Research

Molecular basis for activation of immune system with recognition of microbial glycoconjugates

The Project Leader's Profile

Yukari Fujimoto

Associate Professor, Department of Chemistry, Graduate School of Science, Osaka University.

In 1989, graduated from Department of Chemistry, Faculty of Science, Osaka University. After industrial experience at Sumitomo Chemical and post-graduate studies at Columbia University, she received her Ph. D. from Osaka University in 2002. After postdoctoral studies at Nagoya University, she joined the faculty of Osaka University as an Assistant Professor in 2003, and then appointed as a Lecturer/Associate Professor in 2006. Since 2008, she holds the current position. Specialized in bioorganic chemistry and glycochemistry. Her current major interest is in the area of synthesis and function of bacterial glycoconjugates. She has received the Incentive Award in Synthetic Organic Chemistry, Japan.

Project Leader
  • Yukari Fujimoto, Ph.

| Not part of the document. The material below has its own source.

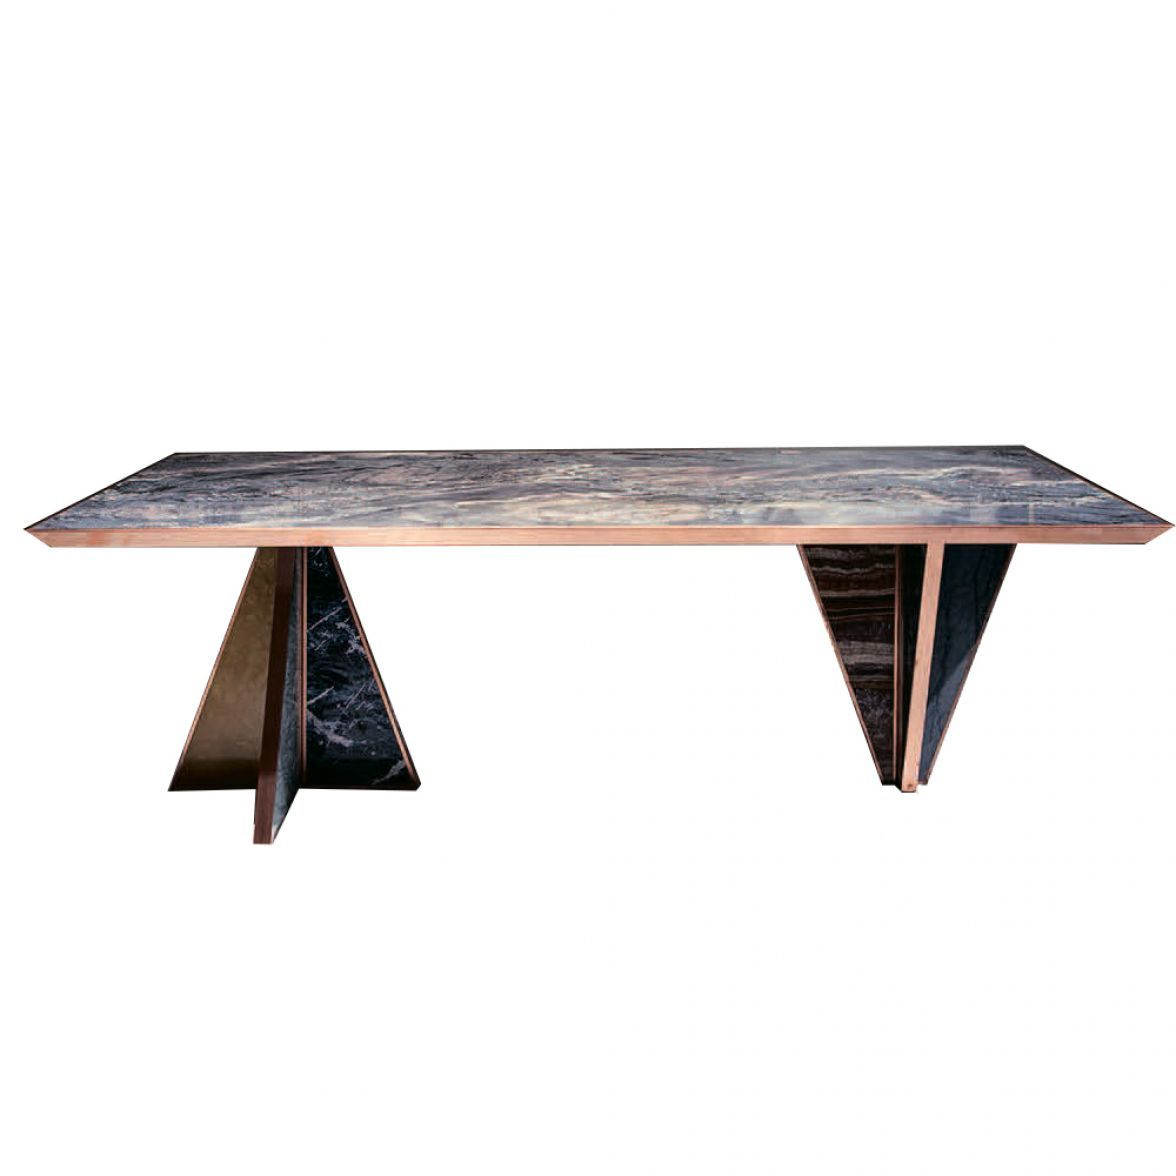 Keope table фото цена

D., Associate Professor, Department of Chemistry, Graduate School of Science, Osaka University.
Research Members
  • Koichi Fukase, Ph. D., Professor, Department of Chemistry, Graduate School of Science, Osaka University.
  • Katsunori Tanaka, Ph. D., Assistant Professor, Department of Chemistry, Graduate School of Science, Osaka University.
  • Masaki Sato, Ph. D., Postdoctral fellow, Department of Chemistry, Graduate School of Science, Osaka University.

Summary

The detection of invading microorganism and activation of immune system with recognition of  microbial components are based on the cooperation of the organelle system. We have investigated the activation system with the chemically synthesized bacterial innate immunostimulatory glycoconjugates/lipoconjugates, which include the partial structures and also the labeled compounds as molecular probes. We have also developed chemical methods for the analysis of the molecular function in the organelle system.
As a common and particular structure in bacteria, we have synthesized bacterial cell wall peptidoglycan (PGN) fragments and constructed the compound library, and shown the detailed recognized structures by its intracellular receptors Nod1 and Nod2. We were also able to obtain potent Nod1 ligands with several hundred times more active than original structure, which enabled us to observe the in vivo function of Nod1.  
As for strong immunostimulating lipopolysaccharide from cell surface of Gram-negative bacteria, we also succeeded in developing new synthetic methods, which are essential for obtaining comprehensive chemical structures of lipid A's. We have also found an effective labeling method for the lipid A with keeping its bioactivities. The combination of the strategy of the lipid A synthesis and the labeling method will contribute to create functional molecules to analyze the immunoactivating system.

fujimoto.jpg We develop the synthetic method and investigate mechanisms of immunoactivation in organelle system using with the chemically synthesized immunostimulatory compounds library, which would lead to the basis for prevention and treatment of related diseases.

Some of Recent Papers

  1. Kawasaki A, Karasudani Y, Otsuka Y, Hasegawa M, Inohara N, Fujimoto Y, Fukase K. Synthesis of diaminopimelic acid-containing peptidoglycan fragments and tracheal cytotoxin (TCT) for investigation of their biological functions. Chem. Eur. J., 14, 10318-10330, 2008.
  2. Hasegawa M, Kawasaki A, Yang K, Fujimoto Y, Masumoto J, Breukink E, Nunez G, Fukase K, Inohara N. A role of lipophilic peptidoglycan-related molecules in induction of Nod1-mediated immune responses. J. Biol. Chem., 282, 11757-11764, 2007.
  3. Fujimoto Y, Iwata M, Imakita N, Shimoyama A, Suda Y, Kusumoto S, Fukase K. Synthesis of immunoregulatory Helicobacter pylori lipopolysaccharide partial structures. Tetrahedron Lett.,  48, 6577-6581, 2007.
  4. Fujimoto Y, Inamura S, Kawasaki A, Shiokawa Z, Shimoyama A, Hashimoto T, Kusumoto S, Fukase K. Chemical synthesis of peptidoglycan fragments for elucidation of the immunostimulating mechanism. J. Endotoxin Research, 13, 189-196, 2007.
  5. Inamura S, Fujimoto Y, Kawasaki A, Shiokawa Z, Woelk E, Heine H, Lindner B, Inohara N, Kusumoto S, Fukase K. Synthesis of peptidoglycan fragments and evaluation of their biological activity. Org. Biomol. Chem., 4, 232-242, 2006.